= At Home (TV series) =

American TV variety series (1944–1945)

At Home is an American television series that aired on New York City station WCBW from 1944 to 1945. The series was a variety show, one of the first such series produced for American television. Ernie Waxman was the show's pianist. The series ended when the American Federation of Musicians said that Waxman could no longer play for both TV and radio programs. The program was broadcast on Fridays from 8 to 10 p.m. Tony Miner was the producer.

==Format==
The series presented variety acts. One episode, for example, featured comedian Bernie West, dancer Ronnie Cunningham, singer Vera Pandowsky, guitarist Youl Bryner, and was hosted by Paquita Anderson. A different episode featured dancer Sandra Barrett and juggler Senor Francisco.
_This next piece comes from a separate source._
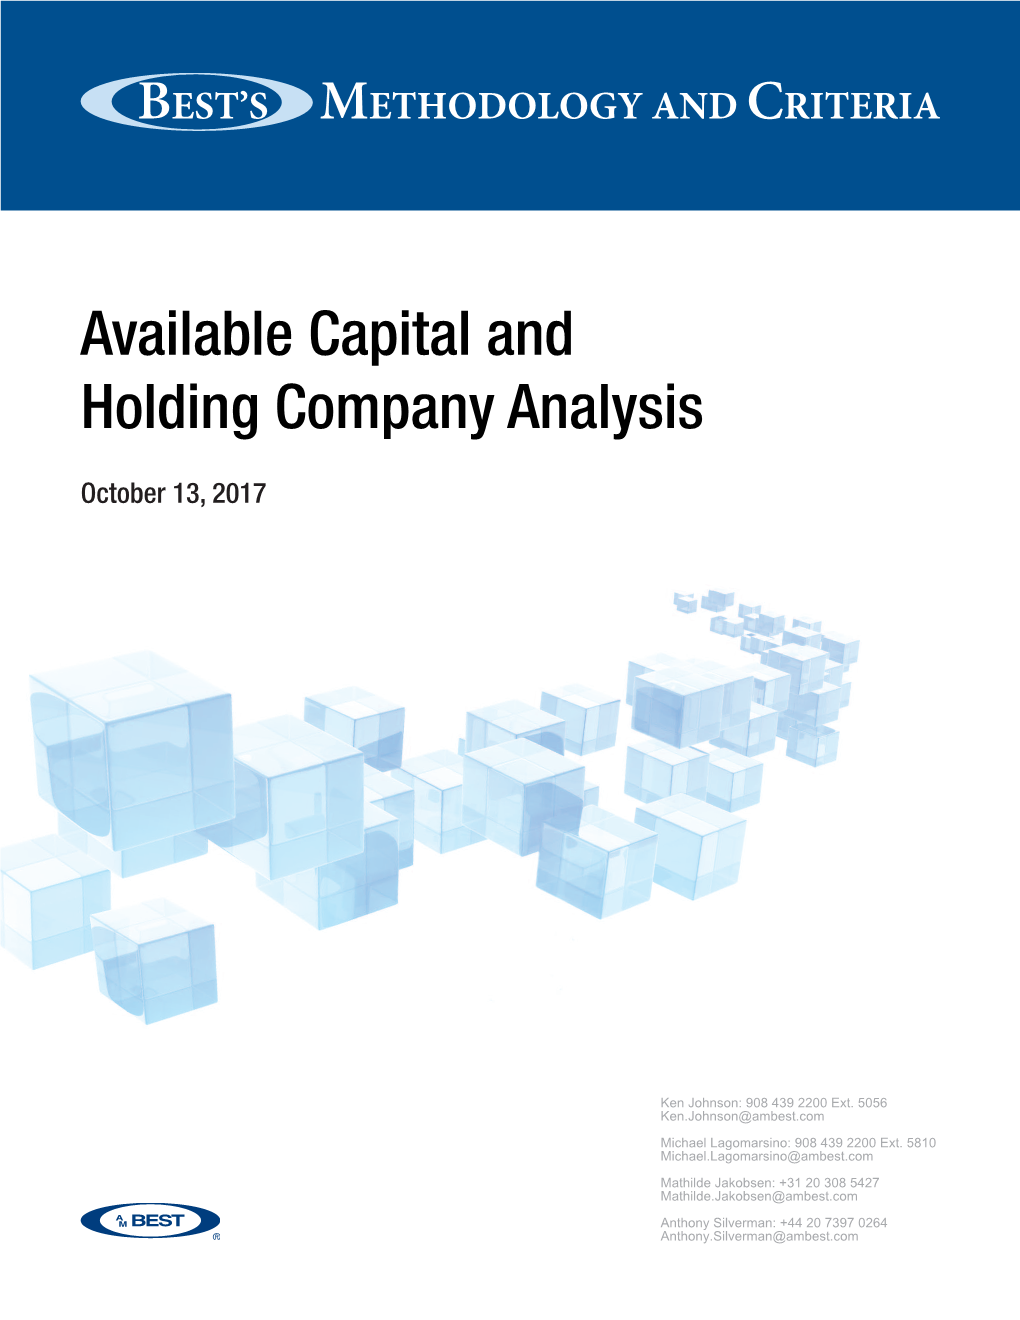 Available Capital and Holding Company Analysis

Other content of episodes included presenting "entertainment and points of interest" for people visiting New York City, a fashion show, a discussion of sports, analysis of news, a "Will You Remember?" segment, and showing of films related to wartime.

==Episode status==
Methods to record live television did not exist until late 1947. As such, the series is most likely lost except possibly for still photographs.

==Critical response==
The trade publication Billboard said that in August 1944 that At Home was "just about one of the best examples of video variety programing this department has ever seen". The review complimented Miner for his direction and the performers "for their poise, fast chatter and definite talents". Flaws that it pointed out included use of three-quarter shots for a dance routine and the use of "uncontrasting gray tones that become monotonous to the viewer".